Projet de loi de Finances

Projet de loi de Finances 2011 : entre maîtrise des déficits et soutien de la croissance

  • le 5 octobre 2010

Présenté en Conseil des Ministres le 29 septembre, le projet de loi de Finances (PLF) pour 2011, s’inscrit dans « le cadre d’une stratégie globale de réduction des déficits publics et d’accompagnement de la reprise de l’activité ». La réduction des niches fiscales devrait rapporter 9,4 milliards d’euros l’an prochain.

Les mesures fiscales, outre l’habituelle actualisation du barème de l’impôt sur le revenu, s’articulent autour de deux axes : « d’une part, la maîtrise des déficits publics, tout en préservant le financement de notre système de solidarité, et d’autre part la poursuite de l’adaptation de notre dispositif fiscal au service de l’économie et de la croissance ».

La mise en œuvre du premier objectif repose sur une réduction des dépenses fiscales, « plutôt que sur une augmentation généralisée des impôts ».

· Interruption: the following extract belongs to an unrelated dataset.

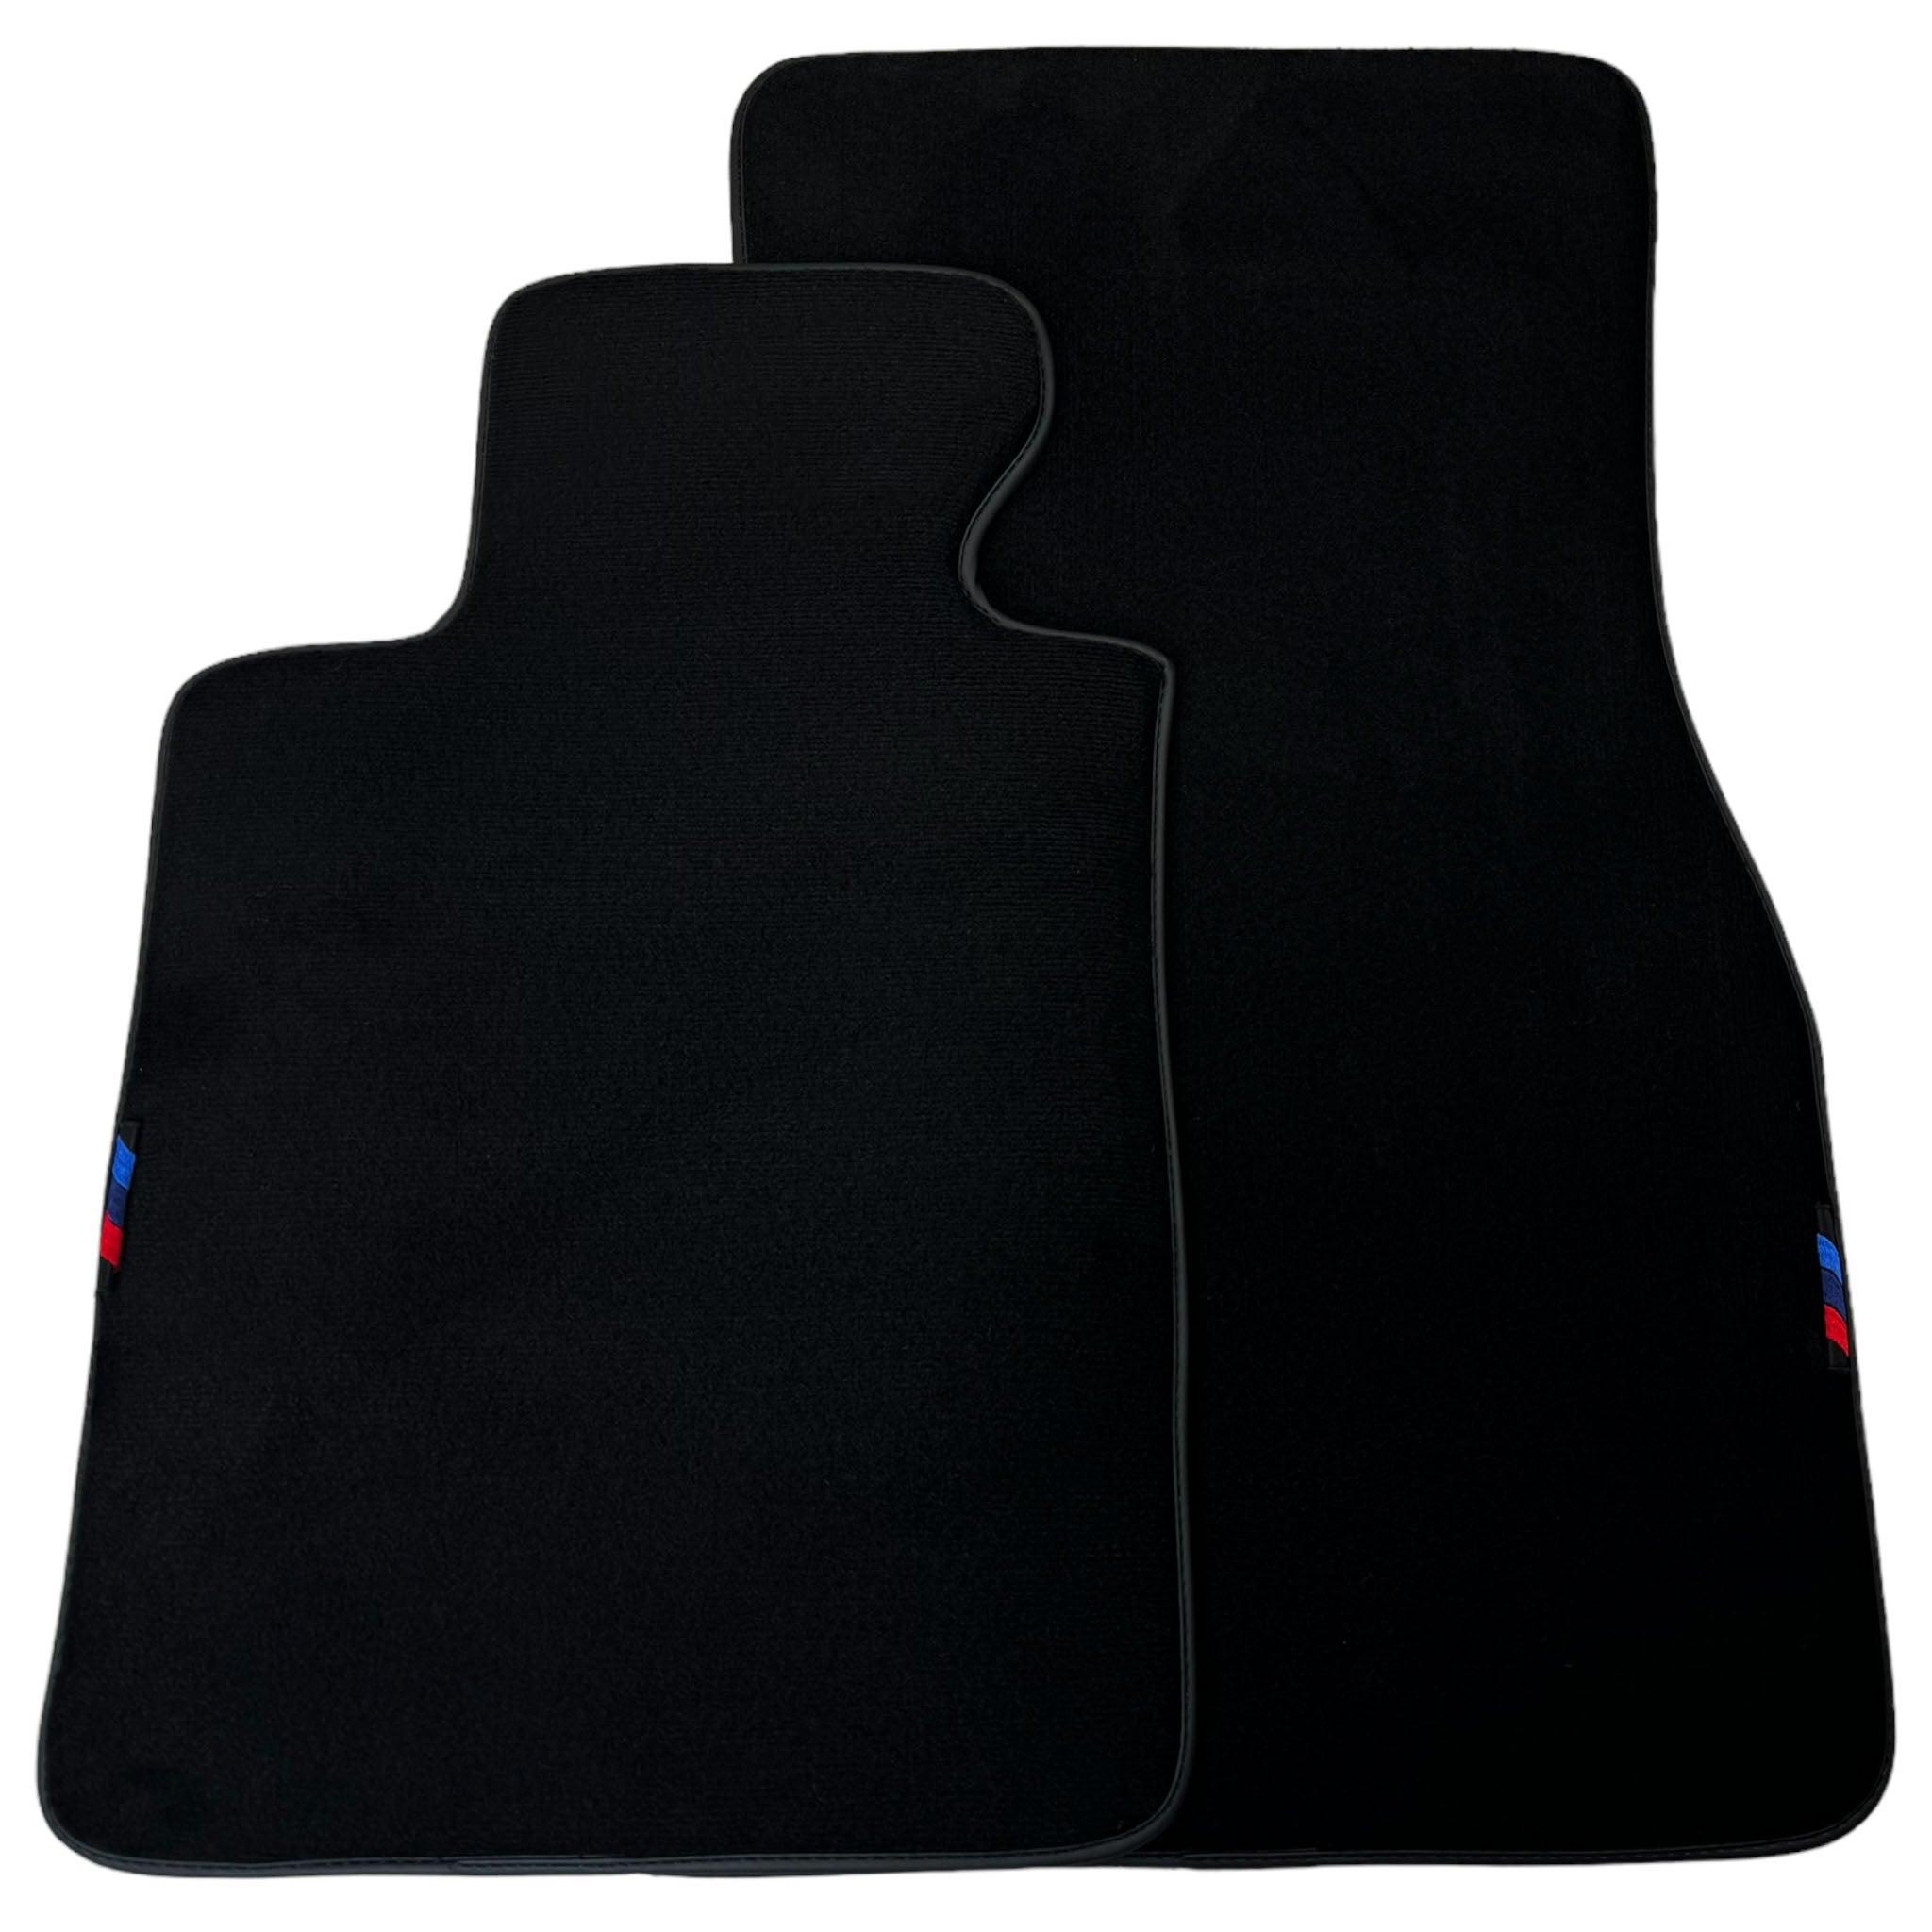 Black Floor Mats For BMW 6 Series F13 2-door Coupe | Black Trim

Le désormais fameux « coup de rabot » sur les niches fiscales et sociales se traduit, pour assurer le financement de la réforme des retraites, par la création d’une contribution sur les hauts revenus et revenus du patrimoine, sous la forme d’une majoration de 1 point des taux, qui ne devrait pas être prise en compte dans le calcul du « bouclier fiscal ». Cette contribution devrait porter sur :
- la tranche d’imposition la plus élevée du barème de l’impôt sur le revenu, passant ainsi de 40 % à 41 % ;
- le taux du prélèvement forfaitaire libératoire sur les dividendes et intérêts sur produits de placement à taux fixe et de la retenue à la source sur les dividendes payés à des personnes non résidentes fiscales françaises, actuellement de 18 %, porté à 19 % ;
- le taux applicable aux plus-values sur cession de valeurs mobilières devrait être relevé de 18 % à 19 %, celui applicable aux plus-values immobilières, de 16 % à 17 %.

Dans le même sens, d’autres mesures touchent les ménages, comme la suppression du crédit d’impôt de 115 ou 230 euros sur l’imposition des dividendes, et la taxation dès le premier euro des plus-values mobilières (alors qu’elles ne sont actuellement imposables que si leur montant excède 25 830 euros).

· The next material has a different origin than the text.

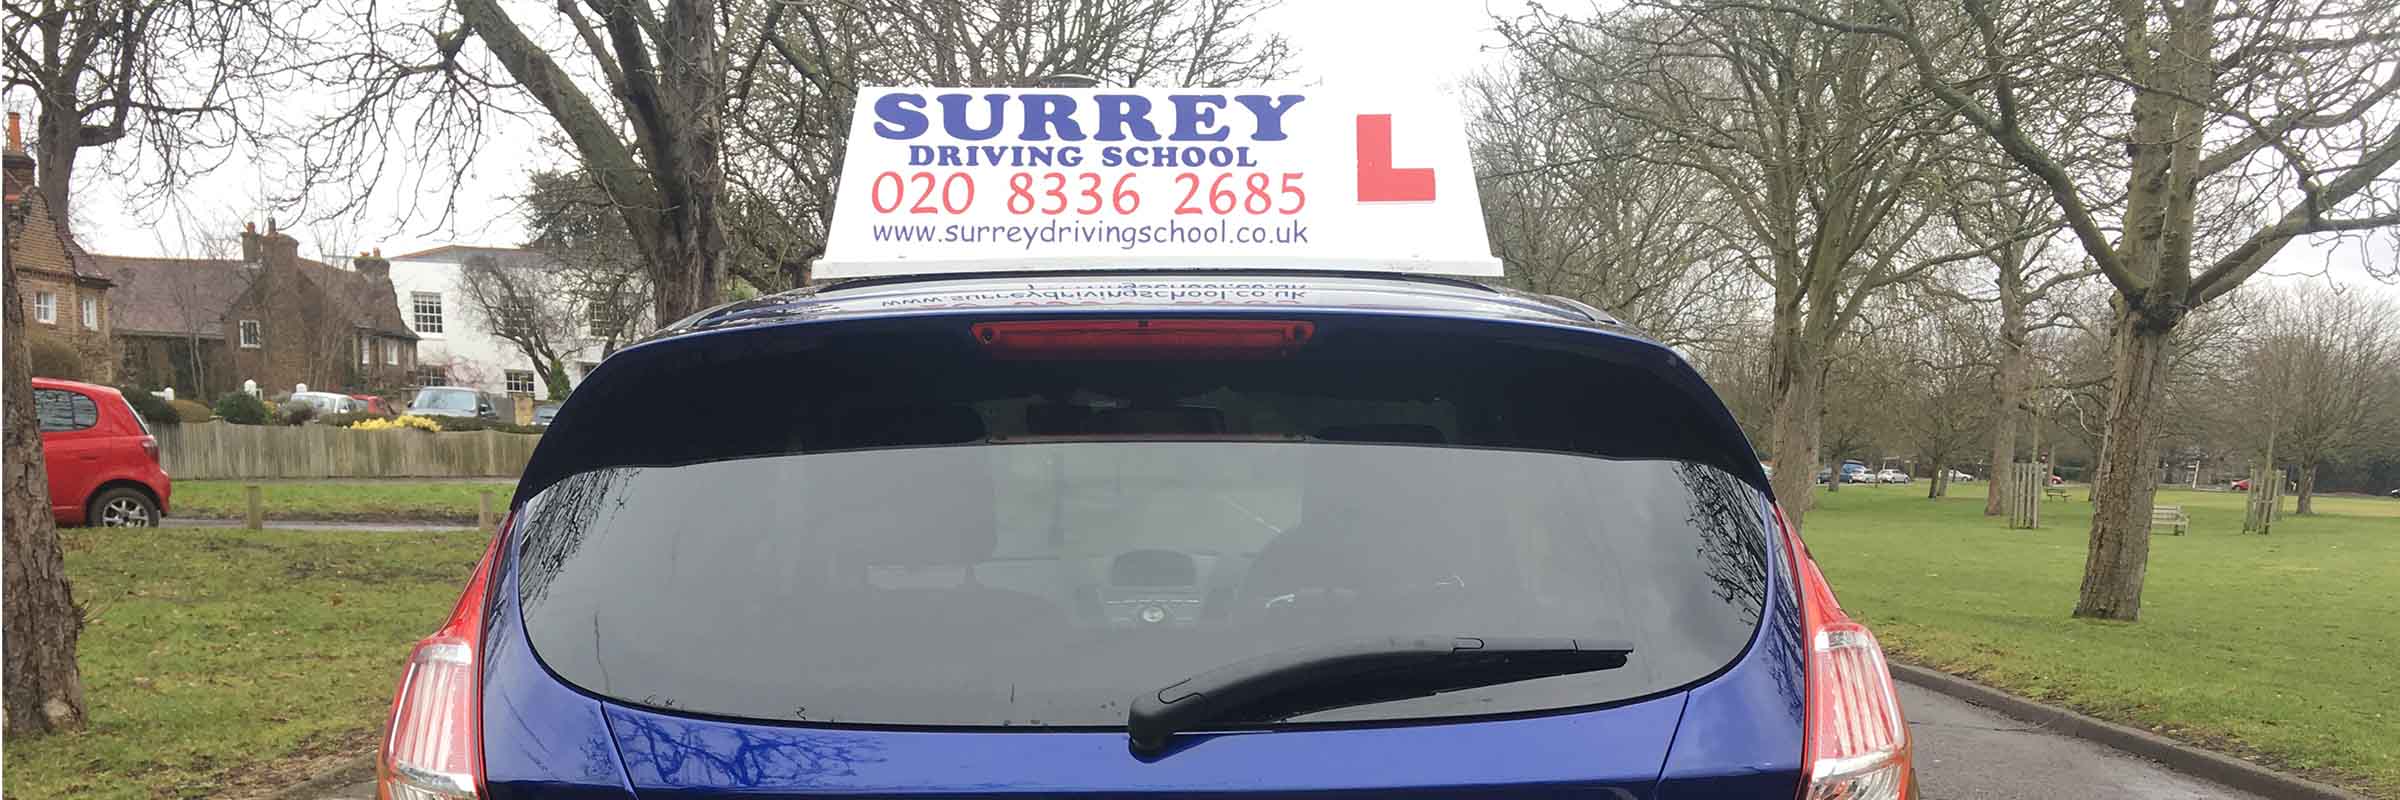 Surrey Driving School - useful links

Les entreprises devraient voir supprimé le plafonnement de la quote-part de frais et charges applicable aux dividendes versés dans le cadre du régime des sociétés mère-filles, actuellement fixée à 5 % des dividendes perçus, dans la limite des frais et charges réellement supportés.

Deuxième volet de la réduction des niches, le financement de la dette sociale cible essentiellement le secteur de l’assurance, avec notamment l’assujettissement aux prélèvements sociaux, au fil de l’eau, de la part en euro des contrats d’assurance-vie multisupport (alors qu’actuellement, ils ne subissent cette taxation qu’une seule fois, à la sortie du contrat, ce qui permet d’accroître le montant des intérêts générés et capitalisés chaque année).

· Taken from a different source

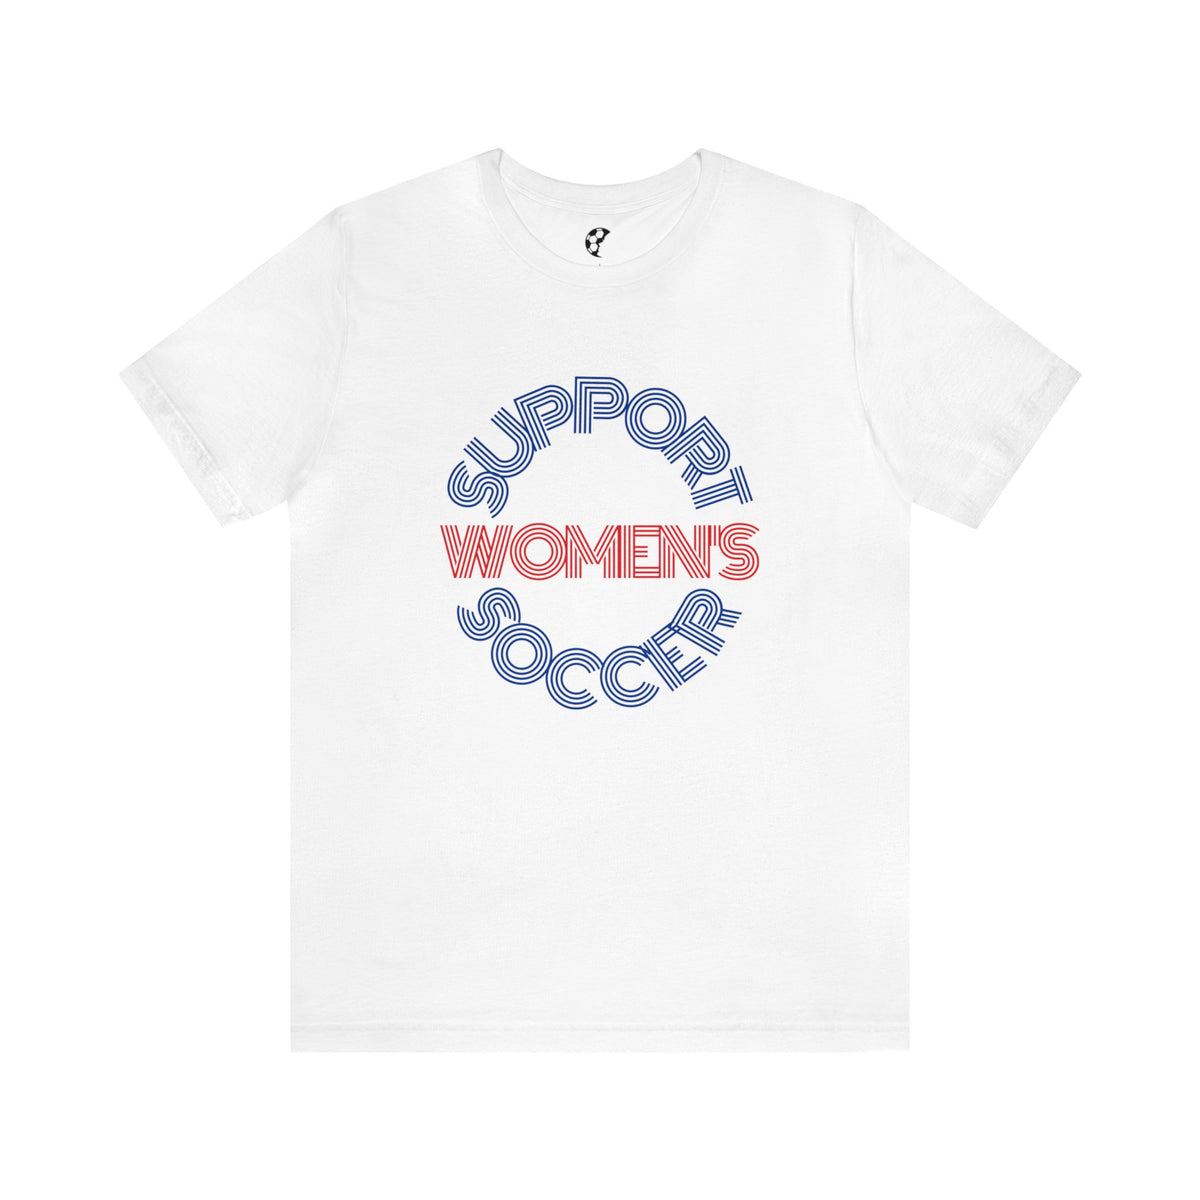 Support Women's Soccer Adult T-Shirt

Le troisième volet, qui concerne le financement du déficit du budget de l’État et de la Sécurité sociale, prévoit, pour les entreprises, la réintroduction, dans le champ de la taxe sur les véhicules de sociétés, des véhicules immatriculés dans la catégorie N1, mais qui sont destinés au transport de voyageurs et de leurs bagages ou biens. Demeureraient exclus les seuls véhicules N1 dont les caractéristiques intrinsèques les destinent au transport de marchandises.

Par ailleurs, la suppression du taux réduit de TVA sur les offres internet « triple play » devrait toucher tant les entreprises du secteur que la plupart des ménages.

Le PLF prévoit en outre, en matière d’impôt sur le revenu, la réduction de 10 % de l’avantage procuré par les réductions et crédits d’impôt inclus dans le plafonnement des niches. Les dispositifs concernés sont au nombre de 22 et n’incluent ni l’aide fiscale pour l’emploi d’un salarié à domicile, ni le crédit d’impôt au titre des frais de garde des jeunes enfants. Le crédit d’impôt sur les projets photovoltaïques n’est pas concerné par cette mesure, mais a été ramené de 50 % à 25 % dès le 29 septembre 2010, à l’exception de ceux pour lesquels un premier acompte a déjà été versé.

Les dispositifs de souscription au capital des PME prévus en matière d’impôt sur le revenu et d’ISF devraient être recentrés sur les entreprises rencontrant des difficultés d’accès au financement en fonds propres et aménagés, pour en améliorer l’efficacité et la transparence et prévenir les abus.

Enfin, le Gouvernement envisage de supprimer les déclarations multiples d’impôt sur le revenu, en cas de changement de situation matrimoniale en cours d’année, « afin de rétablir l’égalité face au principe de progressivité de l’impôt et de simplifier les obligations déclaratives » : les couples se constituant (mariage, pacs) auraient le choix entre le dépôt d’une seule déclaration commune ou l’imposition distincte de leurs revenus respectifs sur l’ensemble de l’année concernée. L’année de séparation, les contribuables ne devraient déposer que deux déclarations séparées.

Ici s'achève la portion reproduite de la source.